▸ EXERCISE GOAL:
In the entries below, which lines run from the one with "PATRON-NFT bannière" through the one with "View of the"? Repeat exactly those, both included, and no pictures.

▸ THE INPUT:
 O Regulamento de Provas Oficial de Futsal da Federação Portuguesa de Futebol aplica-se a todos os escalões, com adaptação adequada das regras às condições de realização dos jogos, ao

* * *

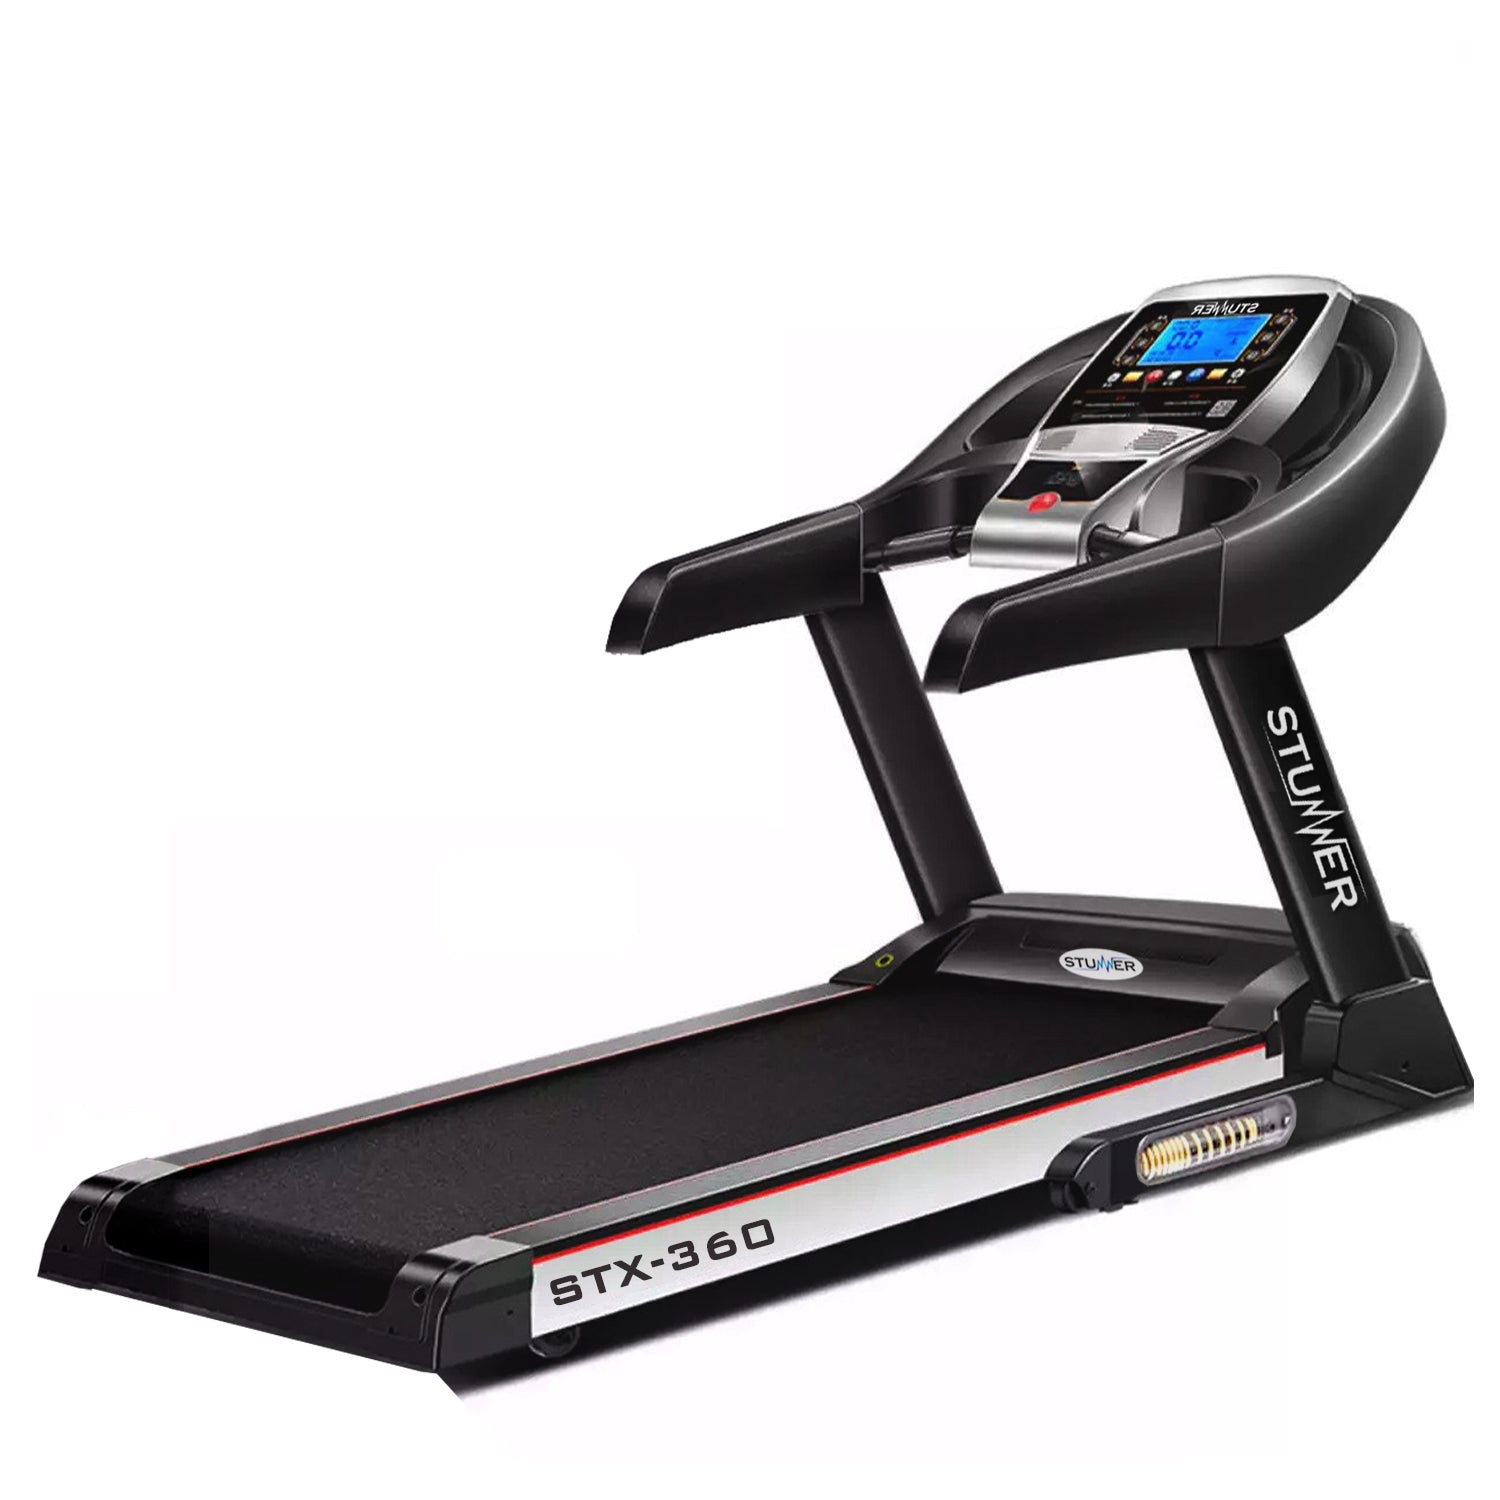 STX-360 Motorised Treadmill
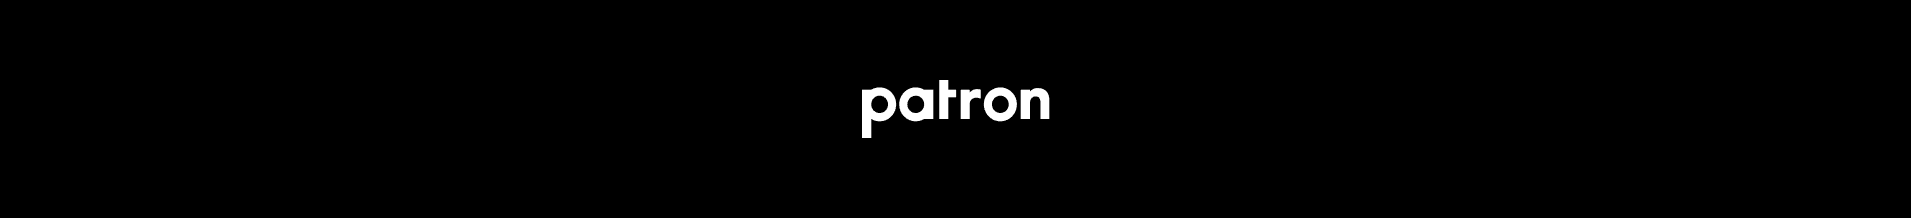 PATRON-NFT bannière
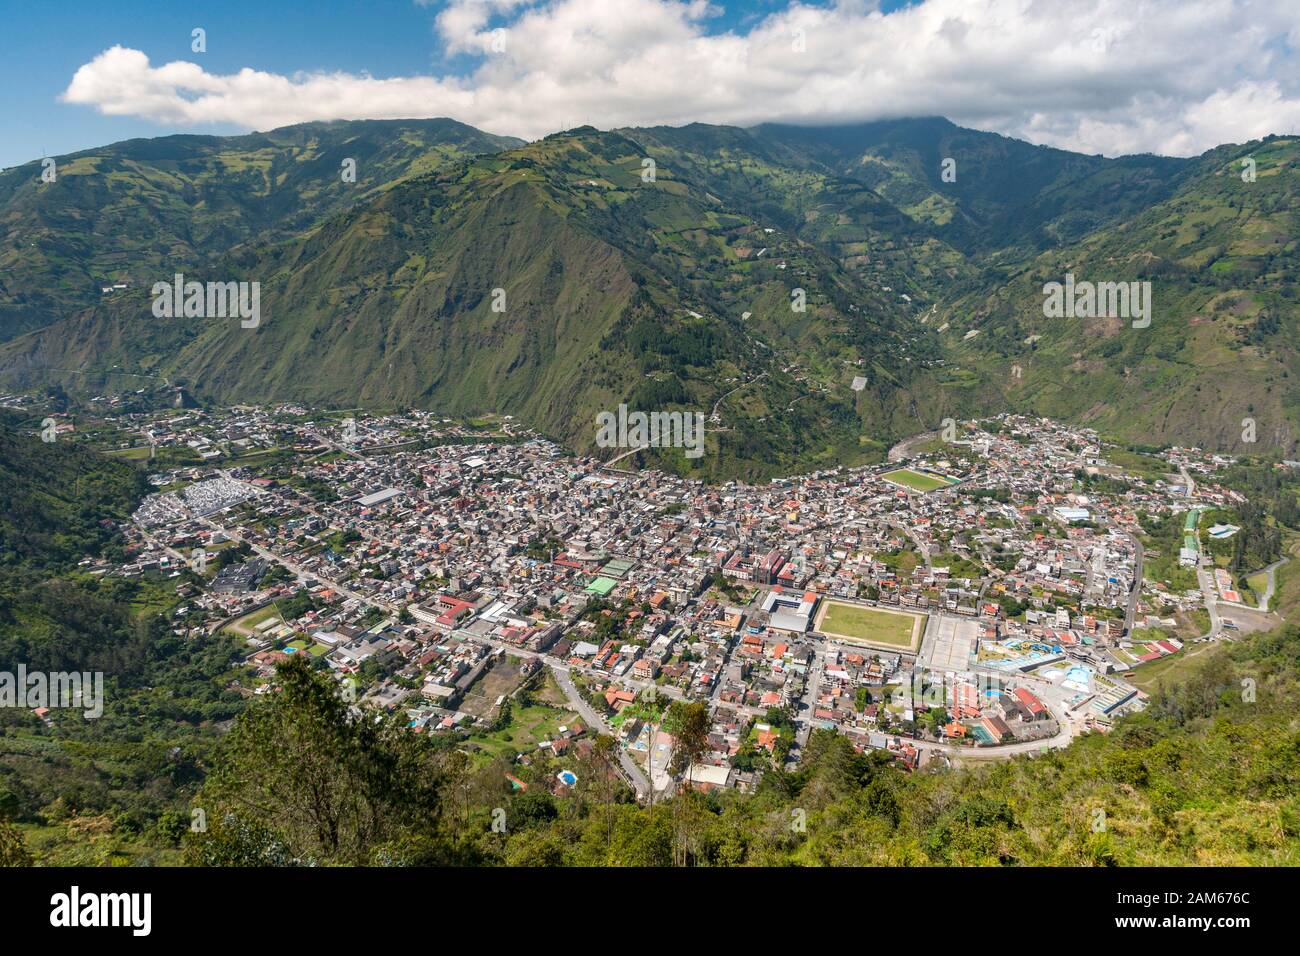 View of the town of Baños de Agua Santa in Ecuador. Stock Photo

* * *

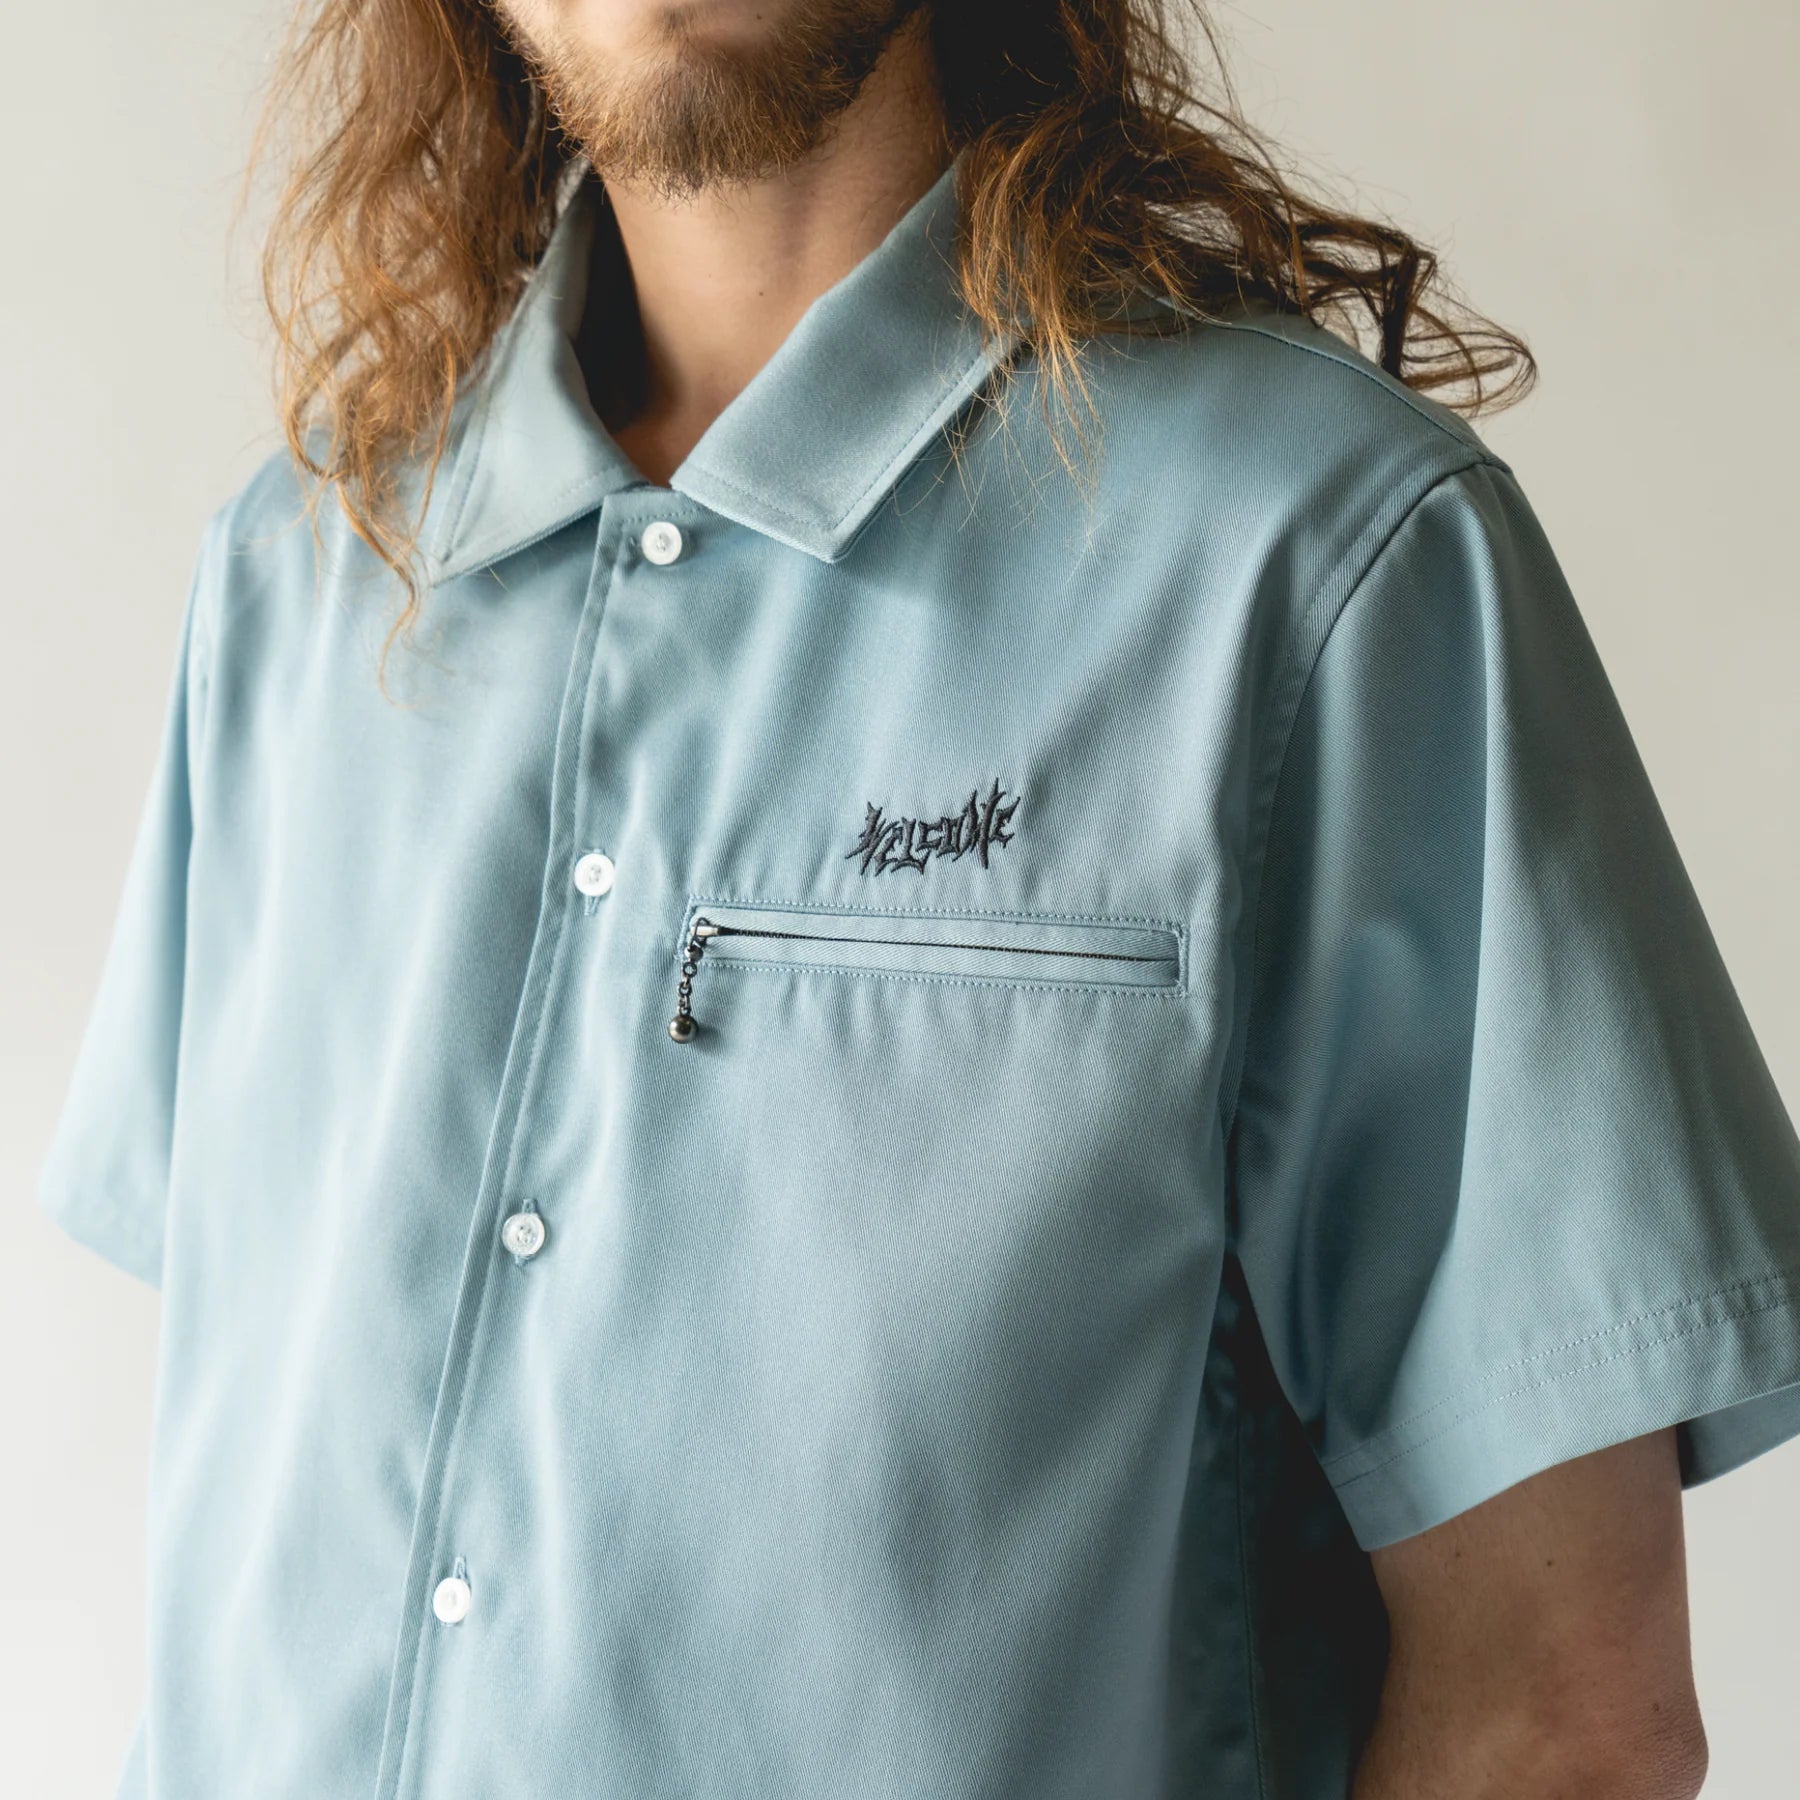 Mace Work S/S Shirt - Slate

▸ OUTPUT FOR THIS TASK:
 PATRON-NFT bannière
 View of the town of Baños de Agua Santa in Ecuador. Stock Photo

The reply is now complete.